Step 6: the prediction label that the source domain character representation input classification convolutional layer of extraction is obtained each character is general
Rate;
Further, in the step 6, by the prediction label probability for each character that classification convolutional layer extracts
Calculating process is consistent with feature convolutional layer, but the ReLU nonlinear function f that feature convolutional layer uses is replaced with softmax meter
It calculates;
In the present embodiment, there are four labels, including { B, M, E, S } for each character, wherein B indicates prefix word, M table
Show that word in word, E indicate that suffix word, S indicate monosyllabic word;Therefore, it is 4 that classification convolutional layer, which exports the feature of each character,.
Step 7: by the label probability of each character and true label probability input condition random field (Conditional
Random Field, CRF), calculate likelihood probability;
Further, in the step 7, likelihood probability calculating process is as follows:
Wherein, S and y*Input sentence and the truth sentence sequence label are respectively indicated, score is indicated each
The prediction label probability of sentence is calculated by a transfer matrix for the prediction label probability of character, and y ' is all possible sentences
Prediction label probability.
Step 8: negative logarithm and MMD calculated result weighted sum of the loss function by likelihood probability, MMD calculated result is made
For regular terms, is calculated by back-propagation algorithm (Back Propagation, BP) and update each layer weight of network;
Further, in the step 8, loss function calculates as follows:
Wherein, λ indicates the weight of regularization term MMD calculated result.
Further, when in training containing the target domain corpus data marked on a small quantity, step 6 is replaced, is replaced
It is as follows:
Step 6: the input of the target domain character representation by the source domain character representation of extraction and on a small quantity containing true tag
Classification convolutional layer obtains the prediction label probability of each character.
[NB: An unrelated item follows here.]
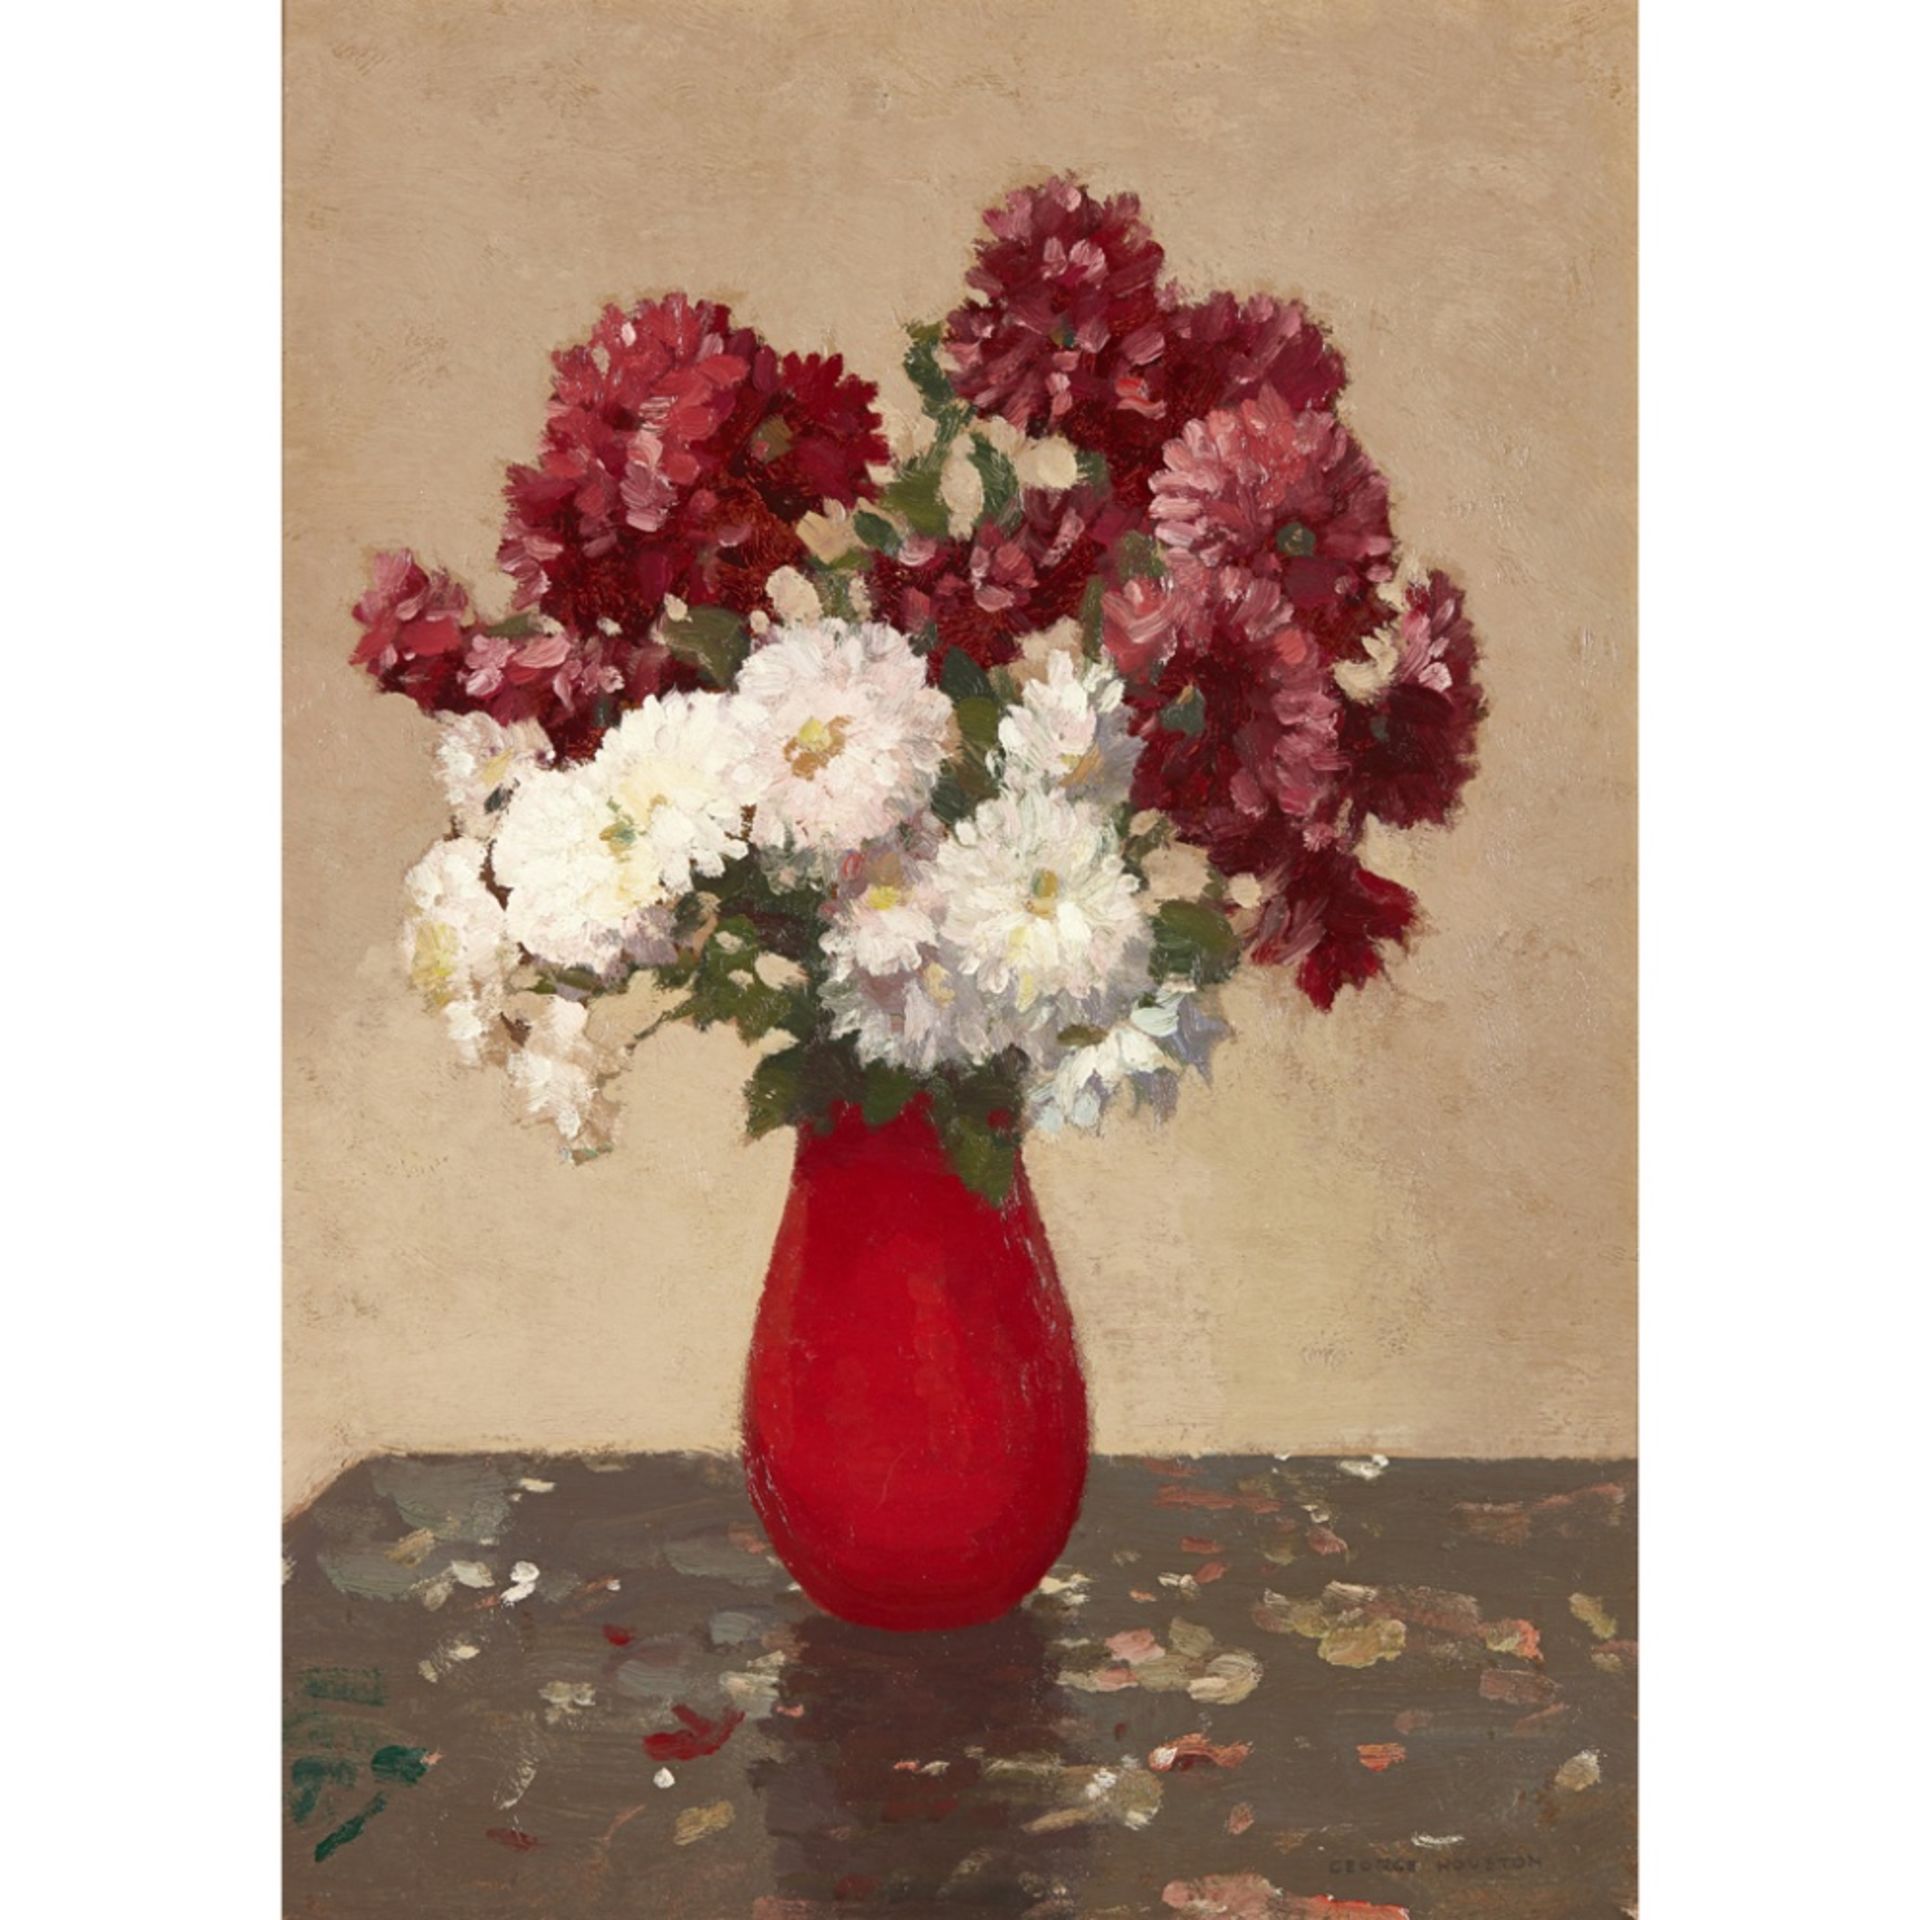 GEORGE HOUSTON R.S.A., R.S.W., R.I. (SCOTTISH 1869-1947)STILL LIFE IN A RED VASE Signed, oil on
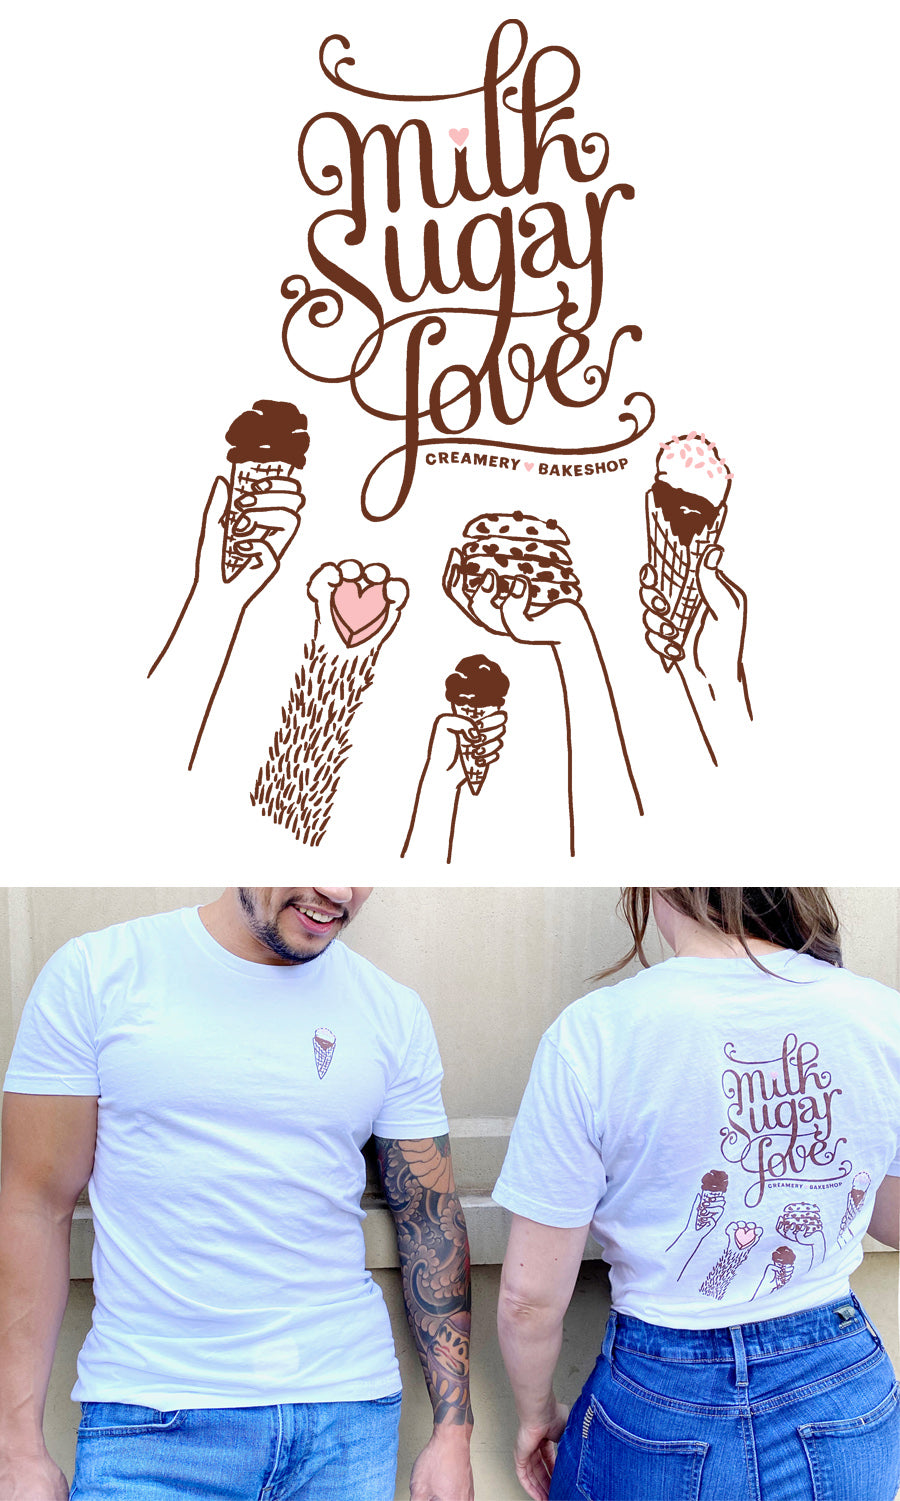 Top: "Milk Sugar Love Creamery & Bakeshop" logo in brown and pink with 4 hands reaching up holding ice cream cones, cookies, kiddie cone, one dog paw holding a pink heart puppy fro-yo. Below: photo of man and woman wearing t-shirts with the illustration

Further, in non-training situation, when Chinese word segmentation, step 1 is replaced to step 8, is replaced as follows:
Step 1: the target domain data segmented will be needed as the input of neural network;
Step 2: the Chinese character of target domain data that will need to segment, using with dictionary identical in training process,
It is mapped as vector expression;
Step 3: vector is indicated input feature vector convolutional layer, extraction obtains character representation;
Step 4: character representation, which is inputted classification convolutional layer, obtains the prediction label probability of each character;
Step 5: decoding prediction label probability input Viterbi (Viterbi) algorithm of each character to obtain optimal sequence
Column complete participle.
One preferred embodiment, as shown in figure 3, each of sentence character is mapped as a dense vector first, to
Amount dimension is n, and by convolution, extraction obtains the feature of each word in a word;In the training process, convolution is extracted to obtain
Feature two parts are divided into source domain and target domain, source domain data characteristics is calculated every by paying attention to power module
The weight of words;By source domain data characteristics and multiplied by weight, first input calculated as MMD;Target domain data are special
Levy second input calculated as MMD;The numerical value of MMD is calculated multiplied by regularization term weight as loss letter in MMD module
Several regularization terms;Source domain feature obtains the prediction probability of each label of each character by classification convolutional layer, passes through
CRF calculates log-likelihood probability;Negative log-likelihood probability is added to obtain final damage with MMD regularization term as objective function
Lose function;Model is to minimize loss function as target, by BP algorithm undated parameter;In non-training situation, by classification convolution
The prediction probability for each character each label that layer obtains is directly over viterbi algorithm, calculates last sequence label,
Complete participle.
The embodiment of the present invention one, which passes through, utilizes traditional MMD method, realizes in Chinese word segmentation task, feature level
Field migration, extends the field moving method of Chinese word segmentation;It will notice that power module introduces during calculating MMD, enable to
Model independently selects the source domain data sample beneficial for target domain data, inhibits the noise in the transition process of field, real
Existing more efficient field migration, alleviates the pressure of extensive mark corpus, improves field migration in small-scale labeled data
Accuracy rate on collection.
The serial number of the above embodiments of the invention is only for description, does not represent the advantages or disadvantages of the embodiments.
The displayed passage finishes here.